Traditional inspection produces isolated observations. A patrol covers a span, a flight covers a corridor, and the results are accurate but disconnected. Risk, meanwhile, does not respect those boundaries. Terrain-driven exposure, vegetation encroachment, clearance issues, and access constraints all interact across a network.
High-altitude collection changes the unit of analysis. Instead of inspecting segments, utilities can capture dense, high-resolution data across large and complex environments in a single effort, covering powerline corridors, transmission networks, surrounding vegetation, and aboveground infrastructure conditions together. The session will look at how that broader field of view surfaces emerging risk that segment-by-segment inspection tends to miss.

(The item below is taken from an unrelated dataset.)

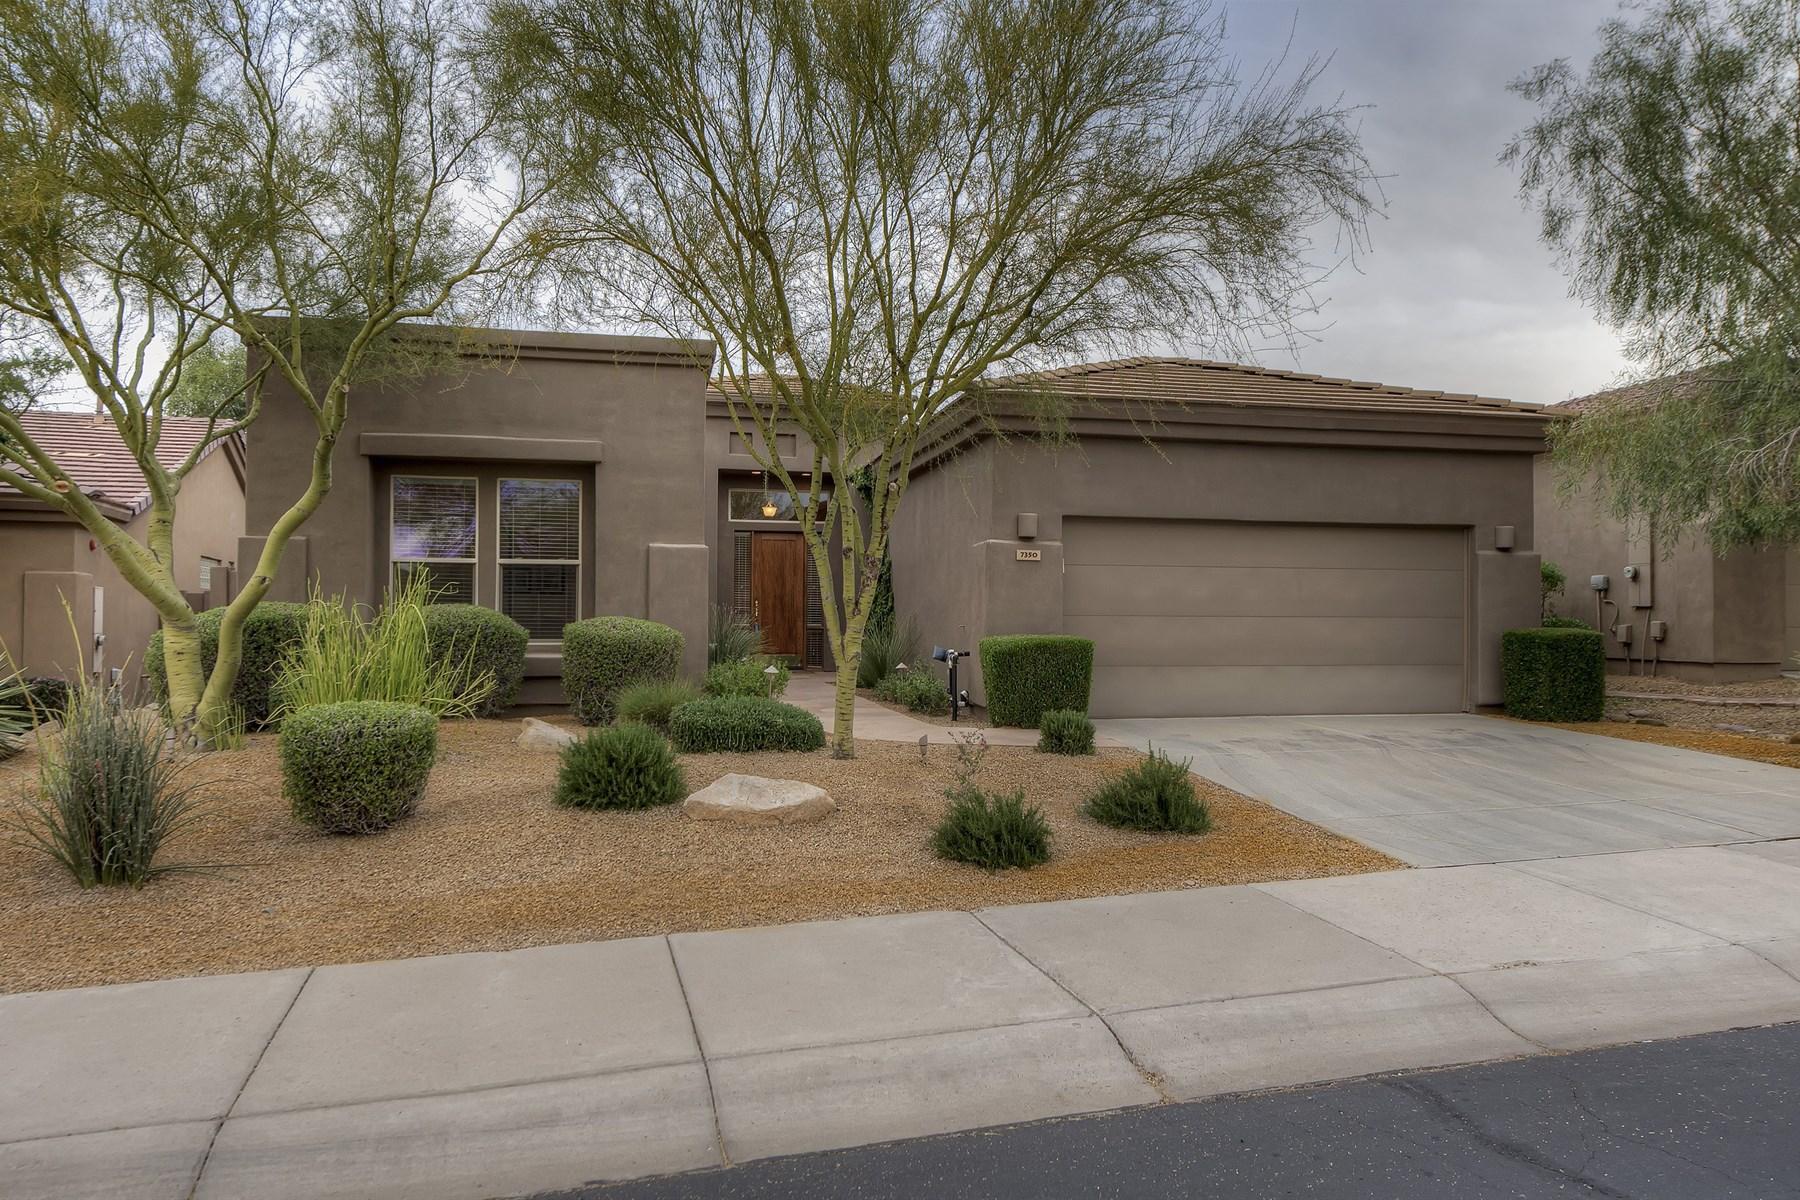 一戸建て のために 売買 アット Perfectly situated private interior lot 7350 E Eagle Feather Rd Scottsdale, アリゾナ, 85266 アメリカ合衆国

Acquisition is the part everyone talks about, but in reality it is the smaller half of the problem. A dense point cloud is not an answer to anything until it has been processed, classified, and interrogated.
In a webinar next week, Woolpert will walk through that layer, including feature extraction, quality control, change detection, GeoAI, and digital twin integration, and how those workflows convert raw density into something a vegetation manager or asset planner can act on. This is where prioritized field work, resource allocation, and asset visibility actually come from.
There is a broader shift here that reaches well beyond utilities. Geospatial data has historically been treated as a project deliverable, scoped to one requirement and then shelved. Captured at sufficient density and processed with future questions in mind, the same foundational dataset can support vegetation management, infrastructure planning, risk modeling, emergency response, asset management, and analytics that have not been specified yet.
For utilities under regulatory and financial pressure, that reusability is the economic argument as much as the technical one. One collection, many downstream uses, and a defensible record of how decisions were made.
Attendees will come away with a practical view of how high-altitude lidar and advanced processing support a move from reactive inspection toward proactive, data-driven operations.